Budget confirms fiscal inconsistency - IDESA

Report Nº: 98311/10/2022

Budget confirms fiscal inconsistency

The government presented the draft Budget 2023. In addition to a complex and disorderly presentation, the projections have little relevance because they have been elaborated under an unrealistic inflation assumption. In any case, it confirms that the fiscal disaster continues to deepen.

The Ministry of Economy presented the 2023 Budget Bill. It contains more than 4,800 pages presented in such a complex and disorderly manner that it is difficult to interpret this transcendental instrument of public policy. Added to this are the inconsistencies and unsupported assumptions. The most transcendental is that the projections are made with the assumption that inflation -Consumer Price Index- will be 60% per year next year. By not explaining how inflation will be lowered from the 95% projected by the Budget itself for the current year to the 60% used in the projections of revenues and expenditures for 2023, the content of the Budget is reduced to insignificance. 

The draft Budget also sets forth the projection made by the Ministry of Economy for 2022. According to its estimates, the GDP in 2022 will be $82 trillion and the primary deficit will be $2.3 trillion. This implies that the primary deficit (i.e., excluding interest payments) would reach 2.8% of GDP, showing a small reduction with respect to 2021, which was 3% of GDP.
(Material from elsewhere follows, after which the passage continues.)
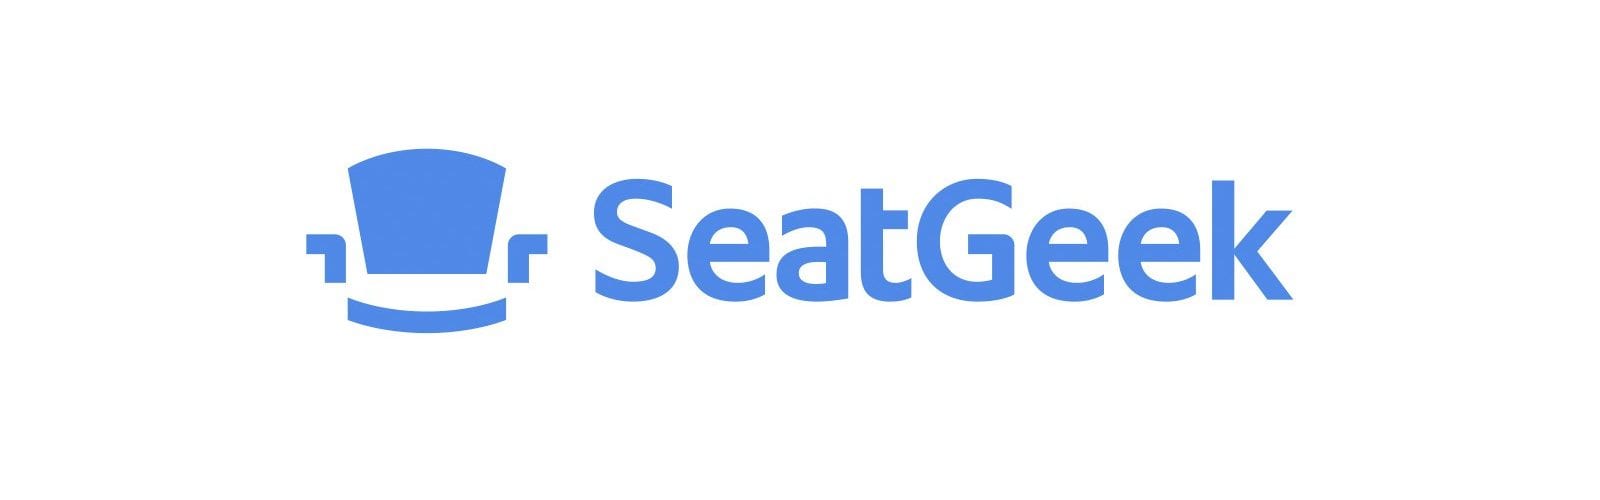 seatgeek logo

These projections made by the Ministry of Economy for 2022 are used to evaluate whether or not it plans to meet the fiscal target with the IMF. In this sense, the agreement with the IMF contemplated nominal targets. Specifically, it was established that:

  • GDP for 2022 would be $70 trillion.
  • The target for the primary fiscal deficit was agreed at 2.5% of GDP. 
  • This implies that the fiscal deficit does not have to exceed $1.8 trillion.
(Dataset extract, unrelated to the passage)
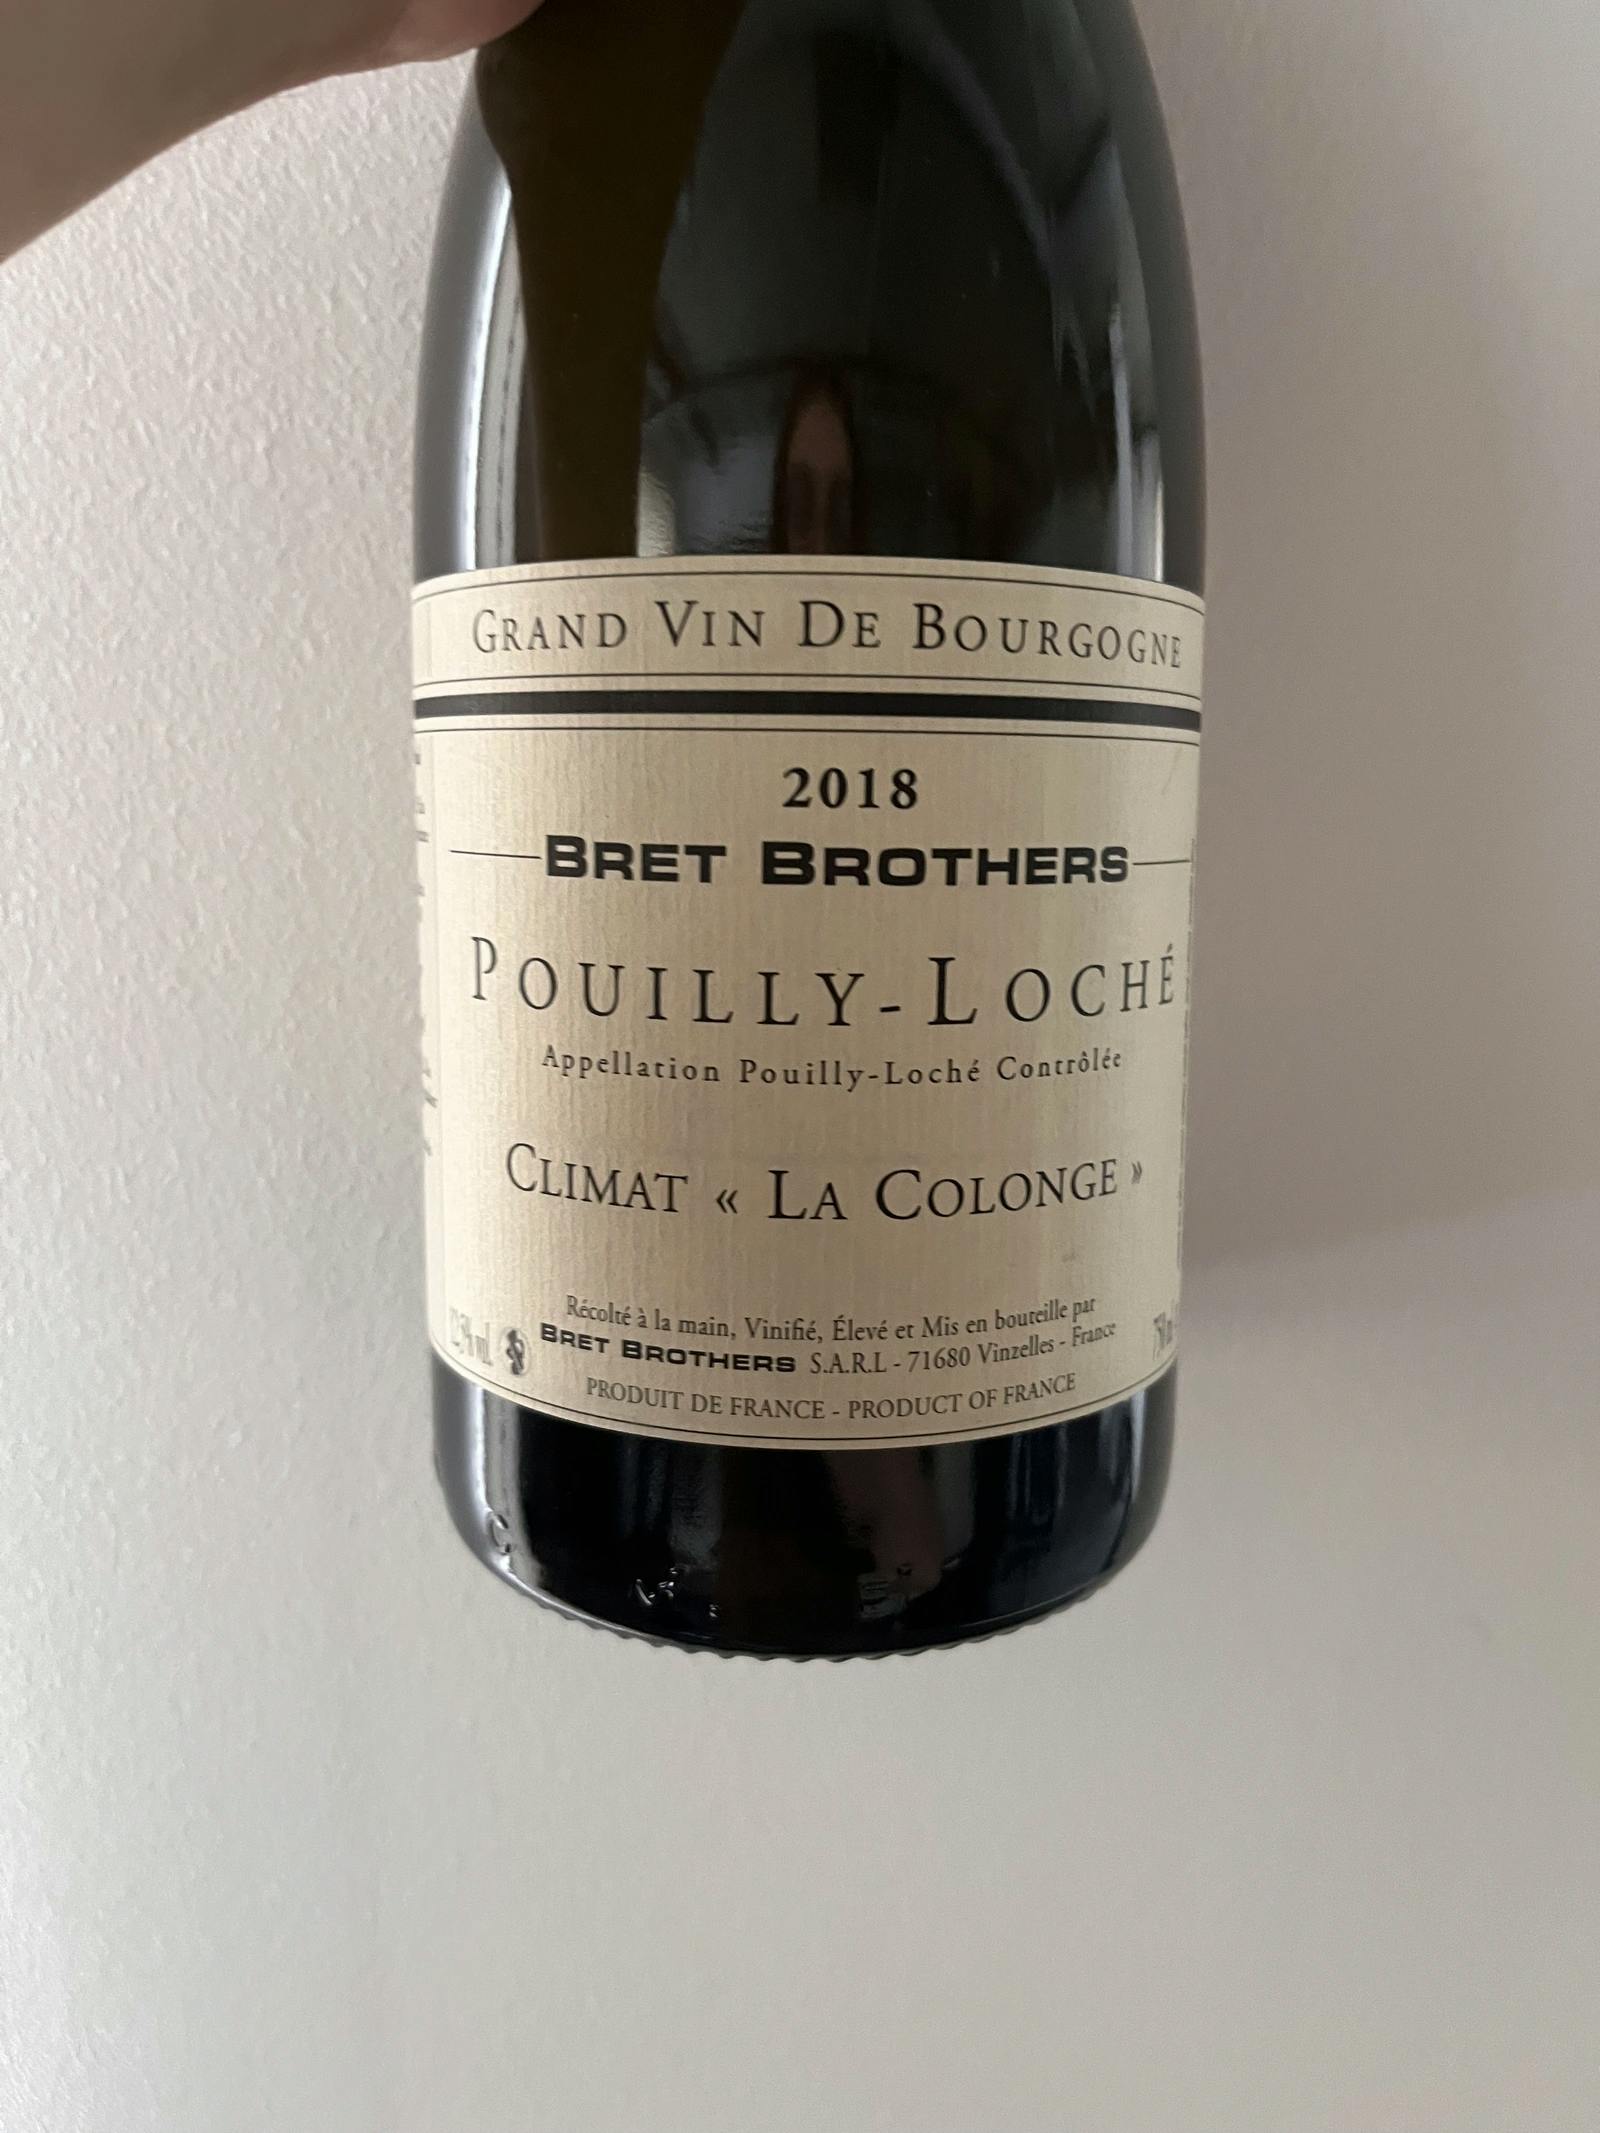 Bret Brothers Pouilly-Loché Climat La Colonge 2018

These data show that, assuming the government’s projections come true, Argentina will miss the fiscal deficit target in 2022. While the agreement contemplates a cap of $1.8 trillion for the primary fiscal deficit, the Ministry of Economy projects an imbalance of $2.3 trillion. The difference is explained by the vertiginous inflationary process. Therefore, measured in terms of GDP, the deviations are less profound. Surely this will be used as an argument by the Argentine government to get the IMF’s forgiveness, arguing that a deficit of 2.8% of GDP implies an improvement over last year and is not so far from the agreed target of 2.5%.

Another controversial issue in relation to public accounts is the “soy dollar”. The natural way to implement it would have been to eliminate withholding taxes on soybean exports. This would have been recorded in the public accounts as a loss of income and, therefore, as an increase in the fiscal deficit. Given that the deviation from the IMF targets would have been greater, this mechanism was used to establish that the Central Bank would pay a special dollar of $200 and that the loss it assumes by selling dollars at the official value of $140 would be compensated by a security issued by the national Treasury. Thus, instead of registering a higher deficit, what the Treasury records in accounting terms is an increase in debt.
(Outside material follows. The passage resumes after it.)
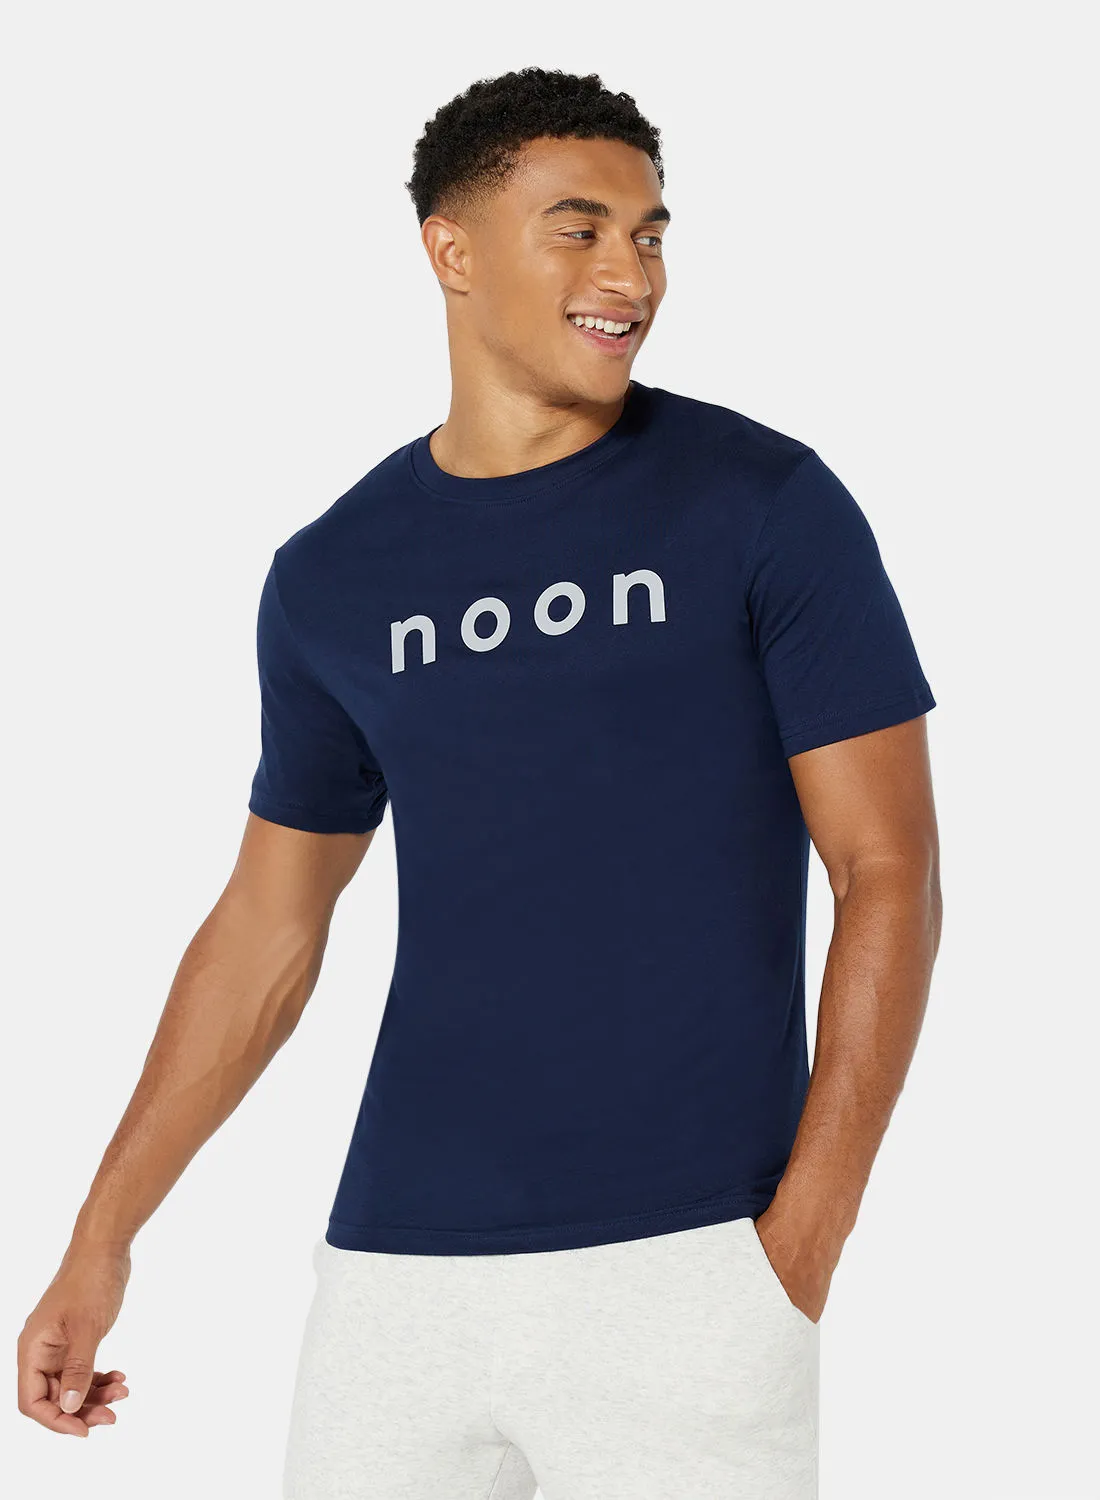 noon Merchandise T-Shirt For Men Navy

There is no doubt that Argentina will default again on an agreement with the IMF. However, there are reasons to consider that it is feasible that forgiveness will be obtained and disbursements will not be suspended. The main reason is not so much the technical arguments of the national officials, but the resignation and fatigue of the IMF technicians and authorities. In this sense, the political negotiations for the Board of Directors to accept the default have a good chance of reaching a successful conclusion.

Achieving the continuity of the agreement with the IMF and achieving a good response to the “soy dollar” are the central axes of a strategy that focuses on the Central Bank’s reserves. The strategy overlooks the fact that the main problem is the excessive issuance of pesos to cover for the fiscal deficit, which forces the Central Bank to issue more and more Leliqs. The “snowball” caused by the absorption of monetary issuance with Leliqs keeps getting bigger and more expensive -every time the Central Bank is forced to increase the interest rate- which accelerates prices and makes it increasingly difficult to imagine a non-traumatic way out of the inflationary dynamics we are experiencing.